___ Source material

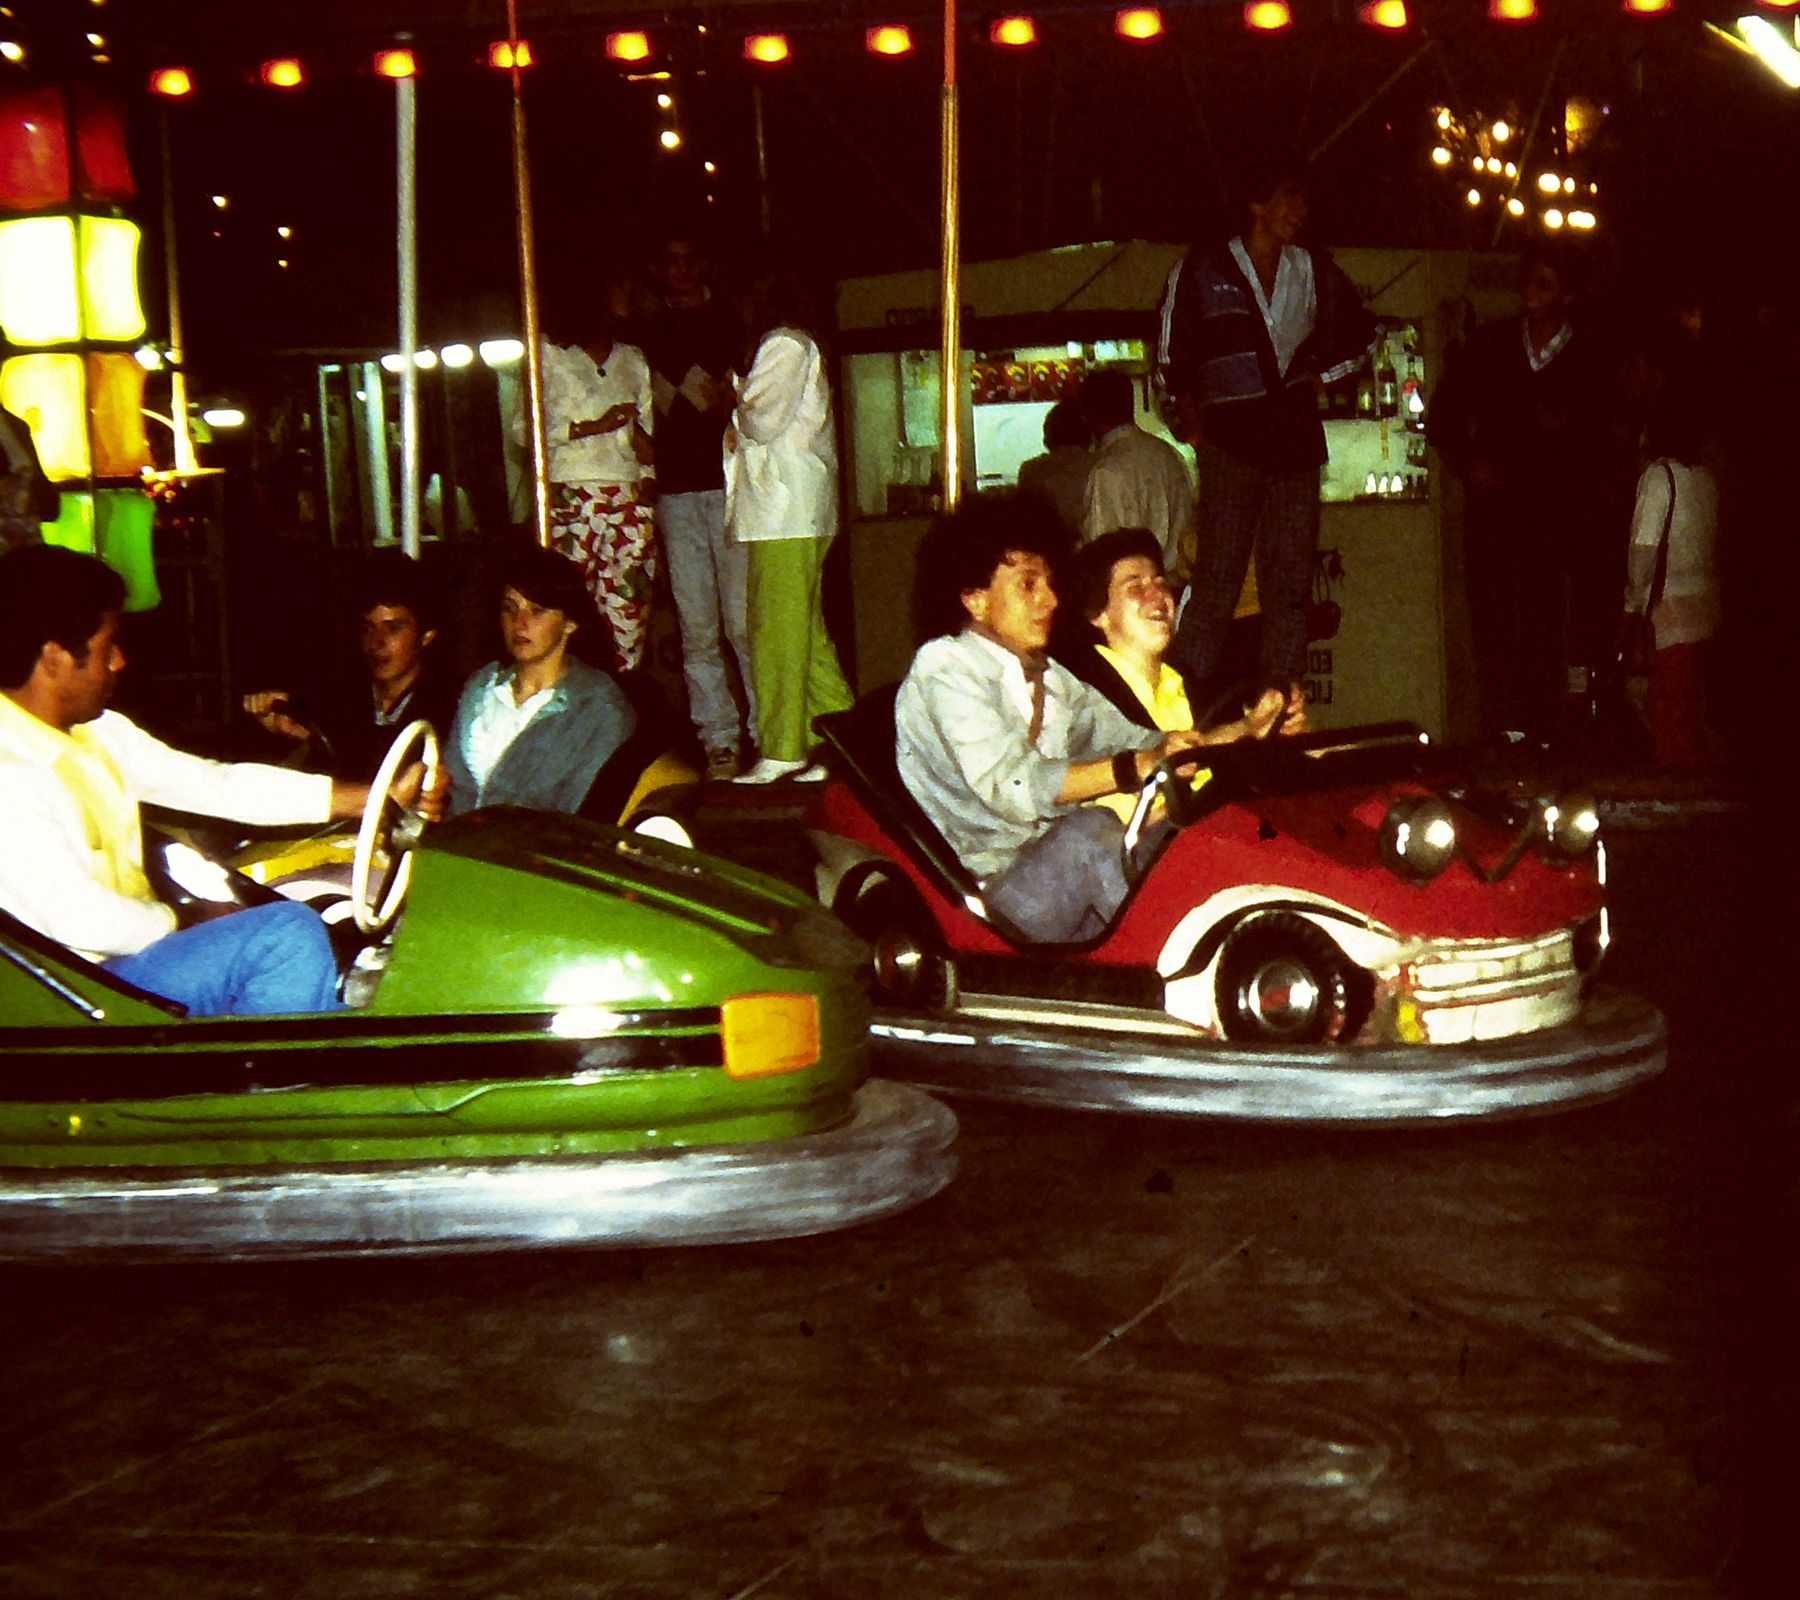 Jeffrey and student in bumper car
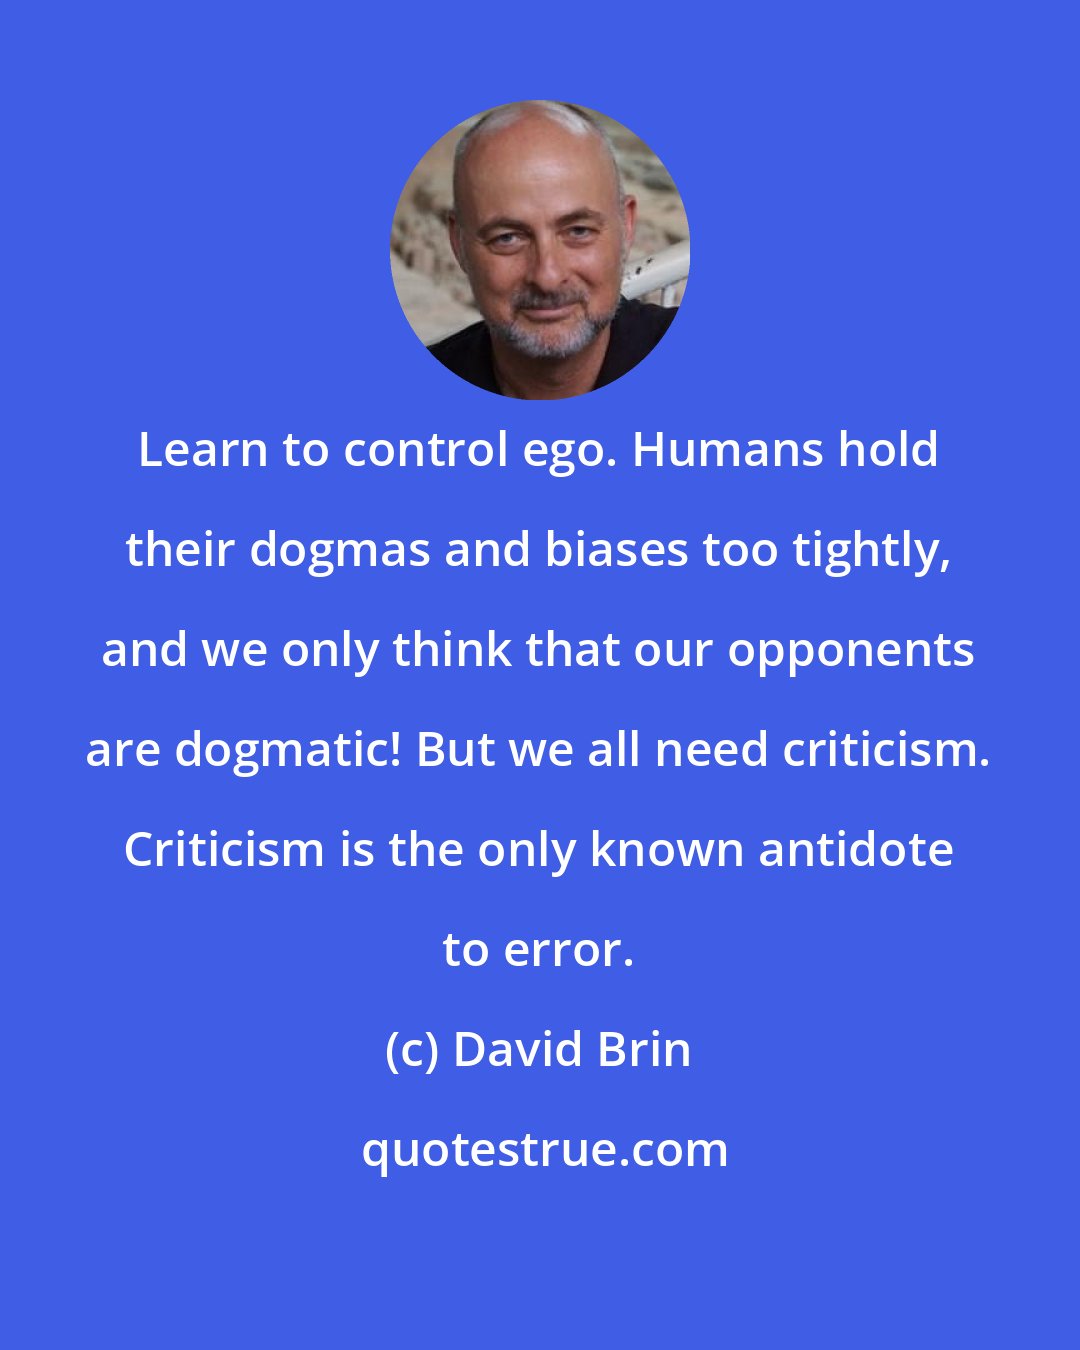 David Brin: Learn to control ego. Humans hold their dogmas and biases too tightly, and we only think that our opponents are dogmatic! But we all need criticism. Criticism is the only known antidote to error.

______
___ Source material

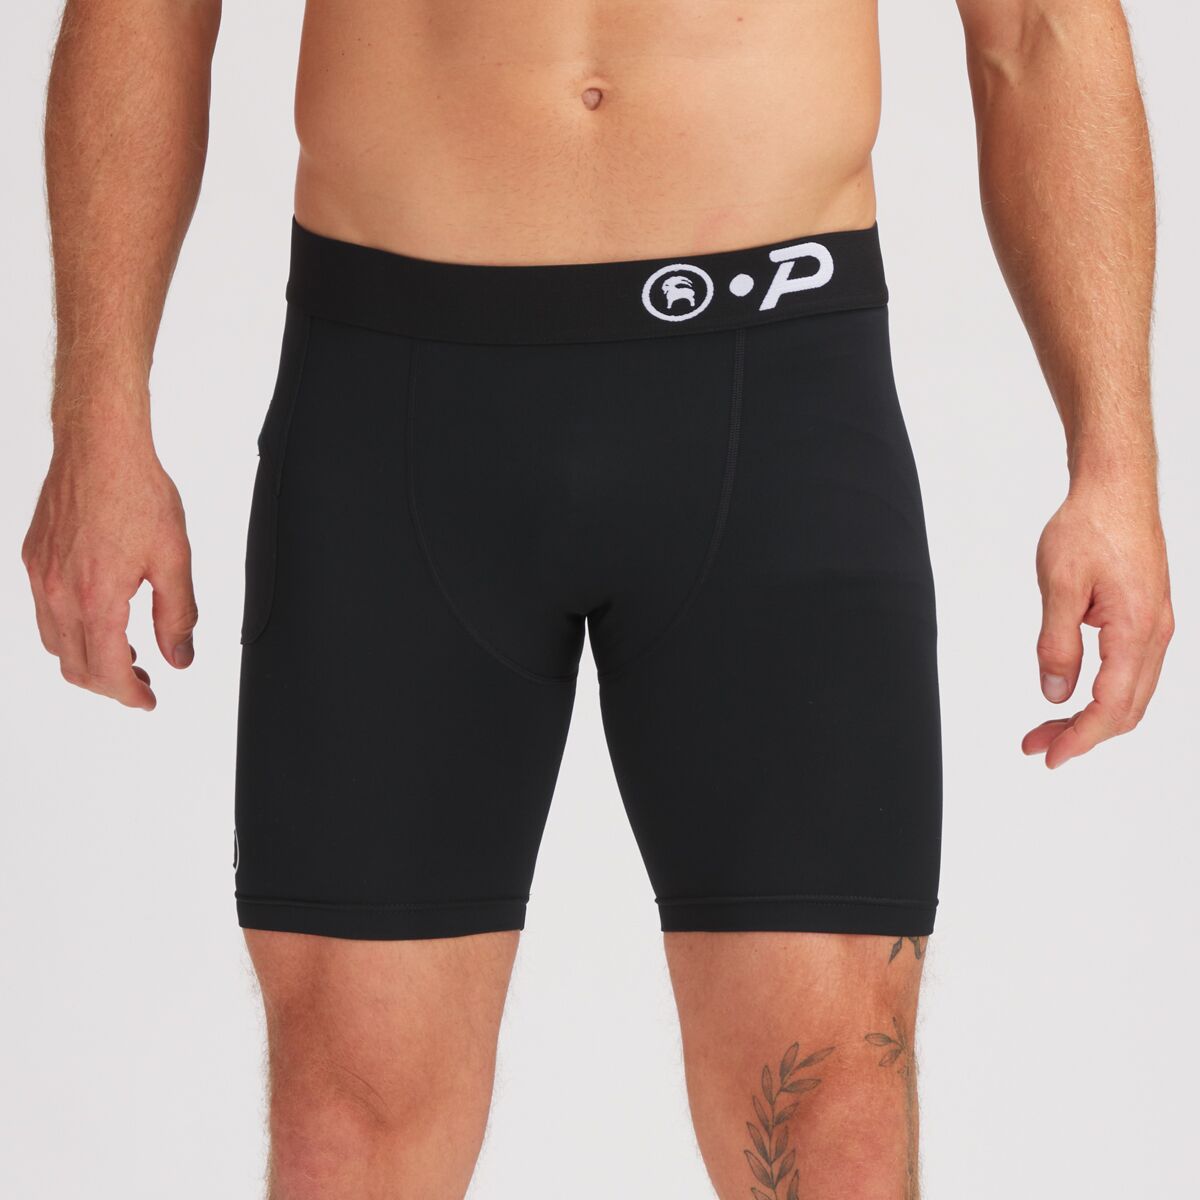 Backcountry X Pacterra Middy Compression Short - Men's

______

In the records above, find the line with "Jeffrey and student in bumper car". Print exactly from there through the line with "David Brin: Learn", minus the pictures.

> **Finished exercise**:
 Jeffrey and student in bumper car
 David Brin: Learn to control ego. Humans hold their dogmas and biases too tightly, and we only think that our opponents are dogmatic! But we all need criticism. Criticism is the only known antidote to error.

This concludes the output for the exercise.